Microsoft funding underwrites LLM research for patients and medical professionals
Yuan is also part of the DATA Lab research project recently funded by Microsoft. The grant is part of a new pilot research program enabling researchers to gain a better understanding of general AI while driving model innovation, ensuring social benefit, transforming scientific discovery and extending human capabilities across different domains (e.g., education, health, law, society).

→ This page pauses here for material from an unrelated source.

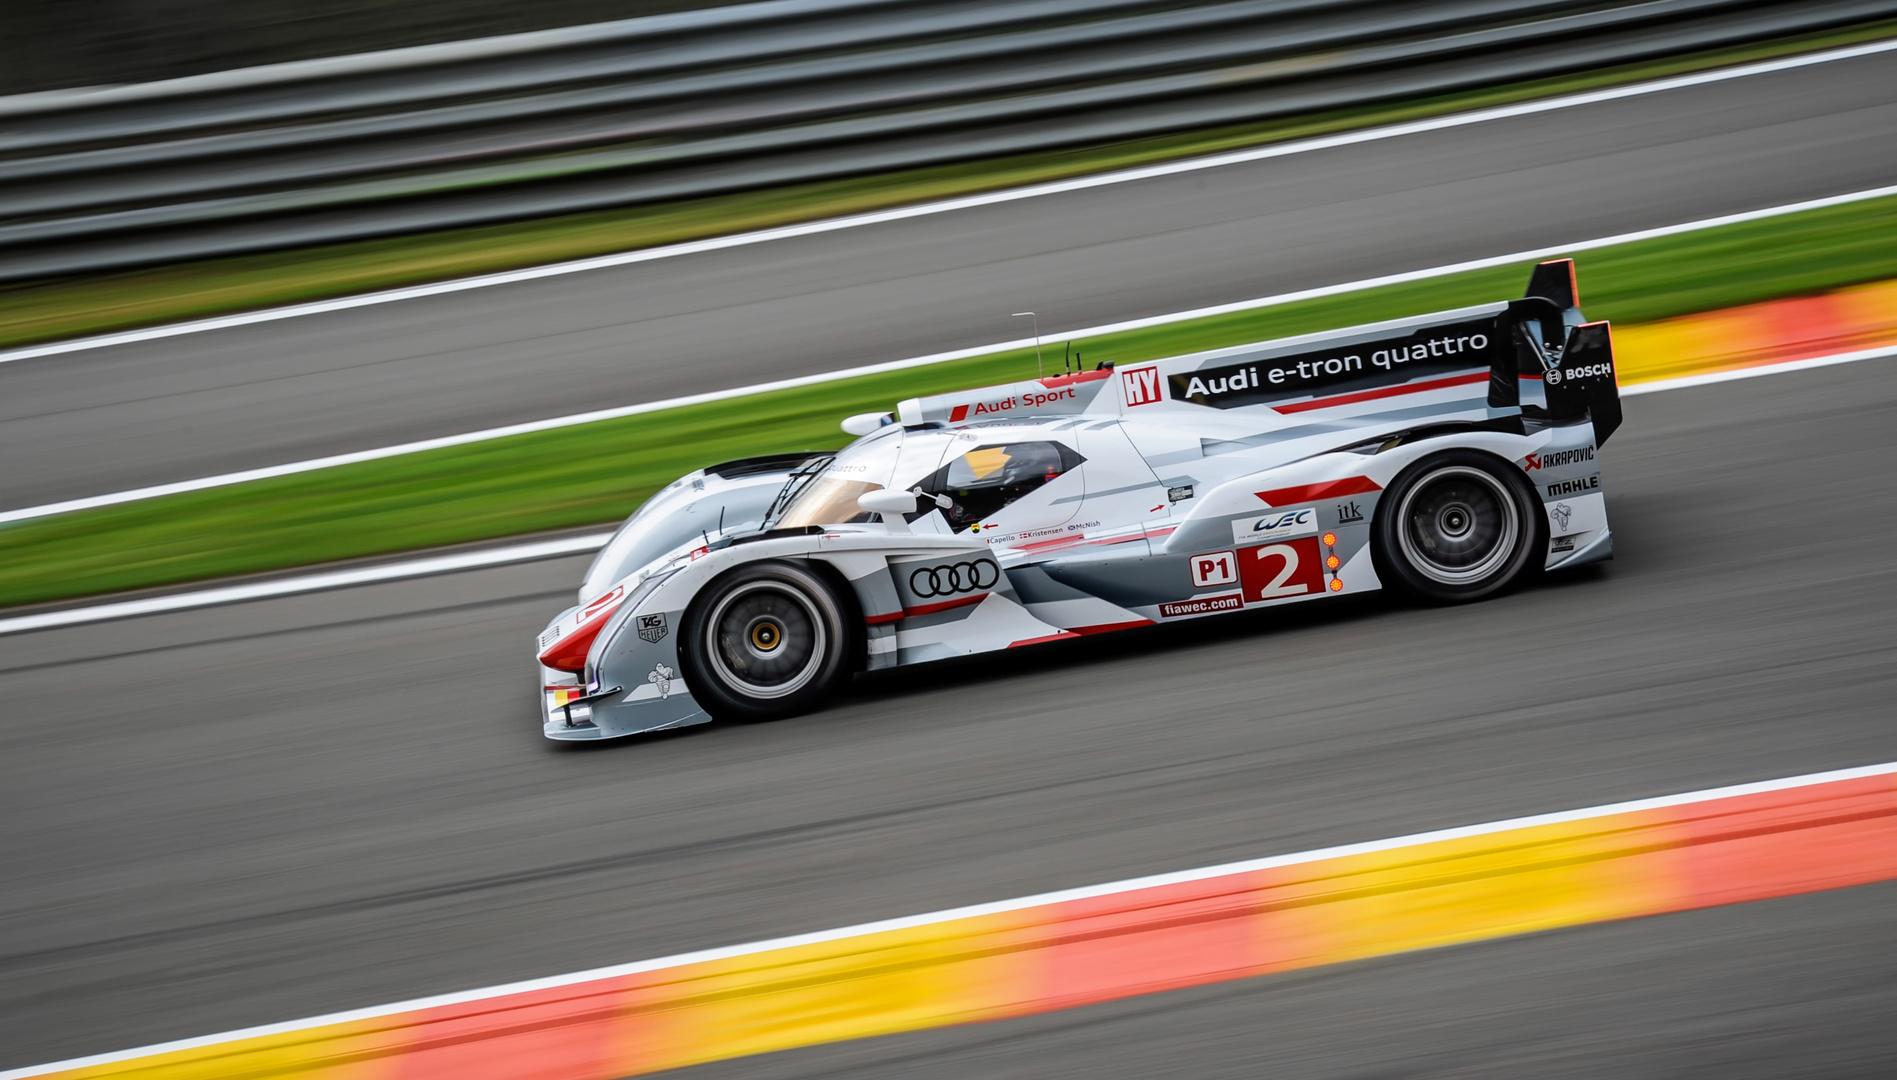 Spa-Francorchamps / WEC 6 Heures / 2012 / Audi R18 e-tron quattro

Hu noted that the support from Microsoft will enhance the team's ability to explore the practical applications of large language models, especially in the healthcare domain. Their goal is to maximize the benefits for both medical professionals and patients, particularly with regard to the clinical trial matching problem.
“In addition to funding for some of our researchers, Microsoft is providing Azure cloud computing resources. With access to Azure as well as open AI, we should have large enough space to model our service. The funding is not linked to specific deliverables, but we still have the benefit of the Microsoft expertise and one of their researchers is our point of contact,” said Hu.